Anyone who’s carried around a camera in public knows people act differently in front of it, and MANY people absolutely resent having their photo taken regardless of the context.
IME most don’t mind being in the background, but taking photos where people and their belongings are the main focus is downright intrusive and perhaps that lil slice of etiquette should be covered in the photography classes since apparently it’s not common sense.
I always ask, and I ask if I can post the pictures. I should ask too if I can give attribution. It’s not hard.
It isn’t an issue until someone gets really annoyed on one side or another and starts the legal charades !!!
Legally “public” doesn’t simply mean the public can get there unfettered. It has a more restrictive definition.
The LifeHacker article talks about legally public places, which is completely different even from say a restaurant. Typically they simply don’t care, but I guarantee if you wandered in with a professional looking camera and started filming things would go south very quickly.
I have read the LifaHacker article a few times in the past and believe it is simply wrong. If someone is on property under your jurisdiction (for want of a better term) then you have COMPLETE control over who can do what on that property. You don’t have to tell them. If someone steps on your property to get a better picture of your flower bed, then they are breaking multiple laws including trespassing and technically copyright infringement if you didn’t give them explicit permission to take pictures ‘from your property’
In DMS’s case that would be the BoD.
Well, I’m not going to vouch for LifeHacker on a legal standpoint because I am not a lawyer but I will say that the direct quote I posted in my comment from that article was about restaurants.
If you invite people on to your property for say a gathering or class and not tell them “no photography” because you don’t feel you have to, then proceed to try and charge them with trespassing and copyright infringement for taking a selfy next to your prized flower bed, I’d say you are going to have a rough time in court.
Uh, no, you don’t.
I didn’t say if you would invite them on, then prosecute them. Having said that, even if you DO invite them onto your property, then ASK them to stop taking pictures, and they continue, then there is no legal difficulty at all…

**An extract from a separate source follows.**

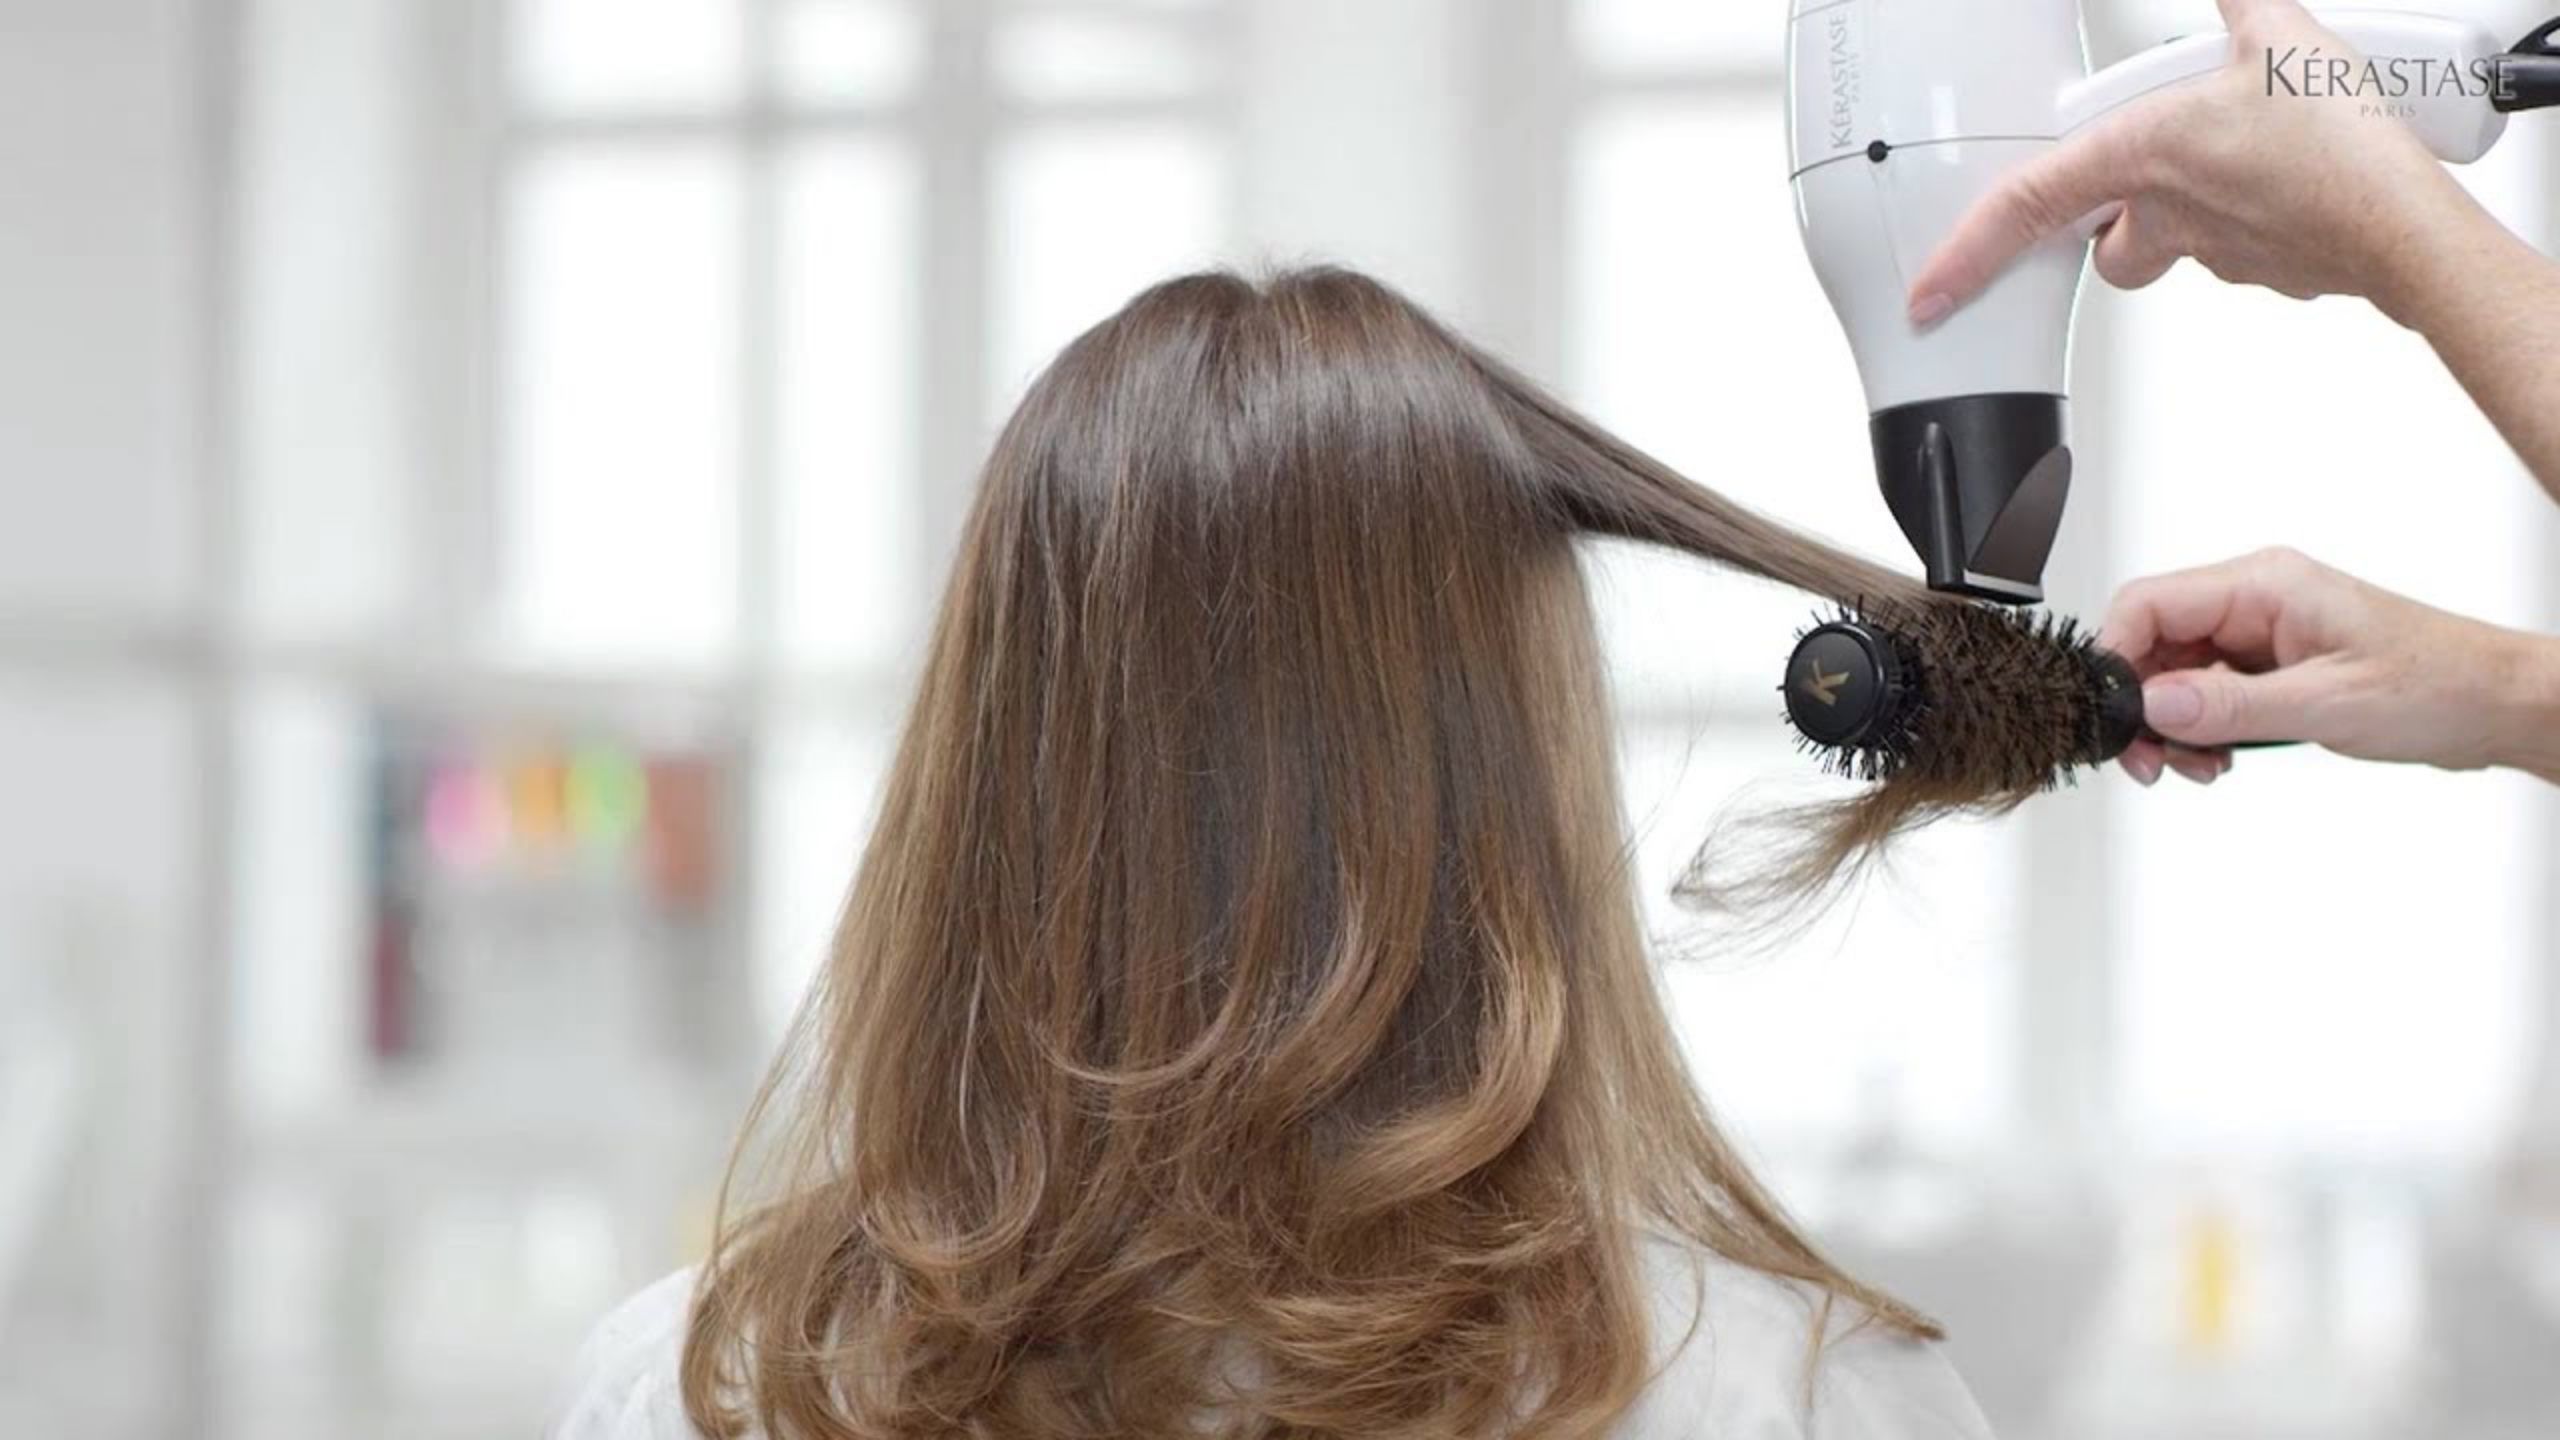 Spa review: A quick hair transformation at Kérastase Hair Spa by La Vie

Obviously if you invite someone onto your property you cant prosecute for trespassing, but if you later ask them to leave and they don’t THEN you can. The reason for leaving can be anything you want… it is your property.
Uh… OK then !!! Try that on my property and see how it works out for you…
Tell you what. Come trick-or-treating at my house. When you step onto my property, and I pick up that COMPLETE CONTROL, I have some chores for you to do. You have to do them, because I have COMPLETE CONTROL, yes?
If you ask me to leave and I don’t, then you can have me arrested!!!
I didn’t say you can make people do what you want, I said you have complete control over what I allow you to do on my property. Read what I wrote… If I don’t like the noise you make when you fart and ask you to leave… I can. I can’t make you mow my lawn.
If you say “If you don’t do my chores then you have to leave my property” then absolutely correct!!!
That doesn’t sound like COMPLETE CONTROL to me.
The issue being discussed is at DMS.
Complete control over what is allowed. Sound better???
Whilst the conversation does seem to have gone off the rails abit, I think it is still relevant to DMS since it is about what people legally can and cannot do on other people’s property with/without explicit permission.
DMS has the right to determine what members and guests are allowed and not allowed to do on their property, e.g. take pictures in this specific instance. THIS is the crux of the discussion.
DMS needs to make it clear, I think, to both members and guests if taking pictures is or is not allowed, and under what conditions if yes.
If yes then members also need to be aware that there is no expectation of privacy of projects under those conditions (and certainly no expectations that their patent idea is safe under ANY conditions).
The only reason I say this is that it obviously HAS become an issue for some members.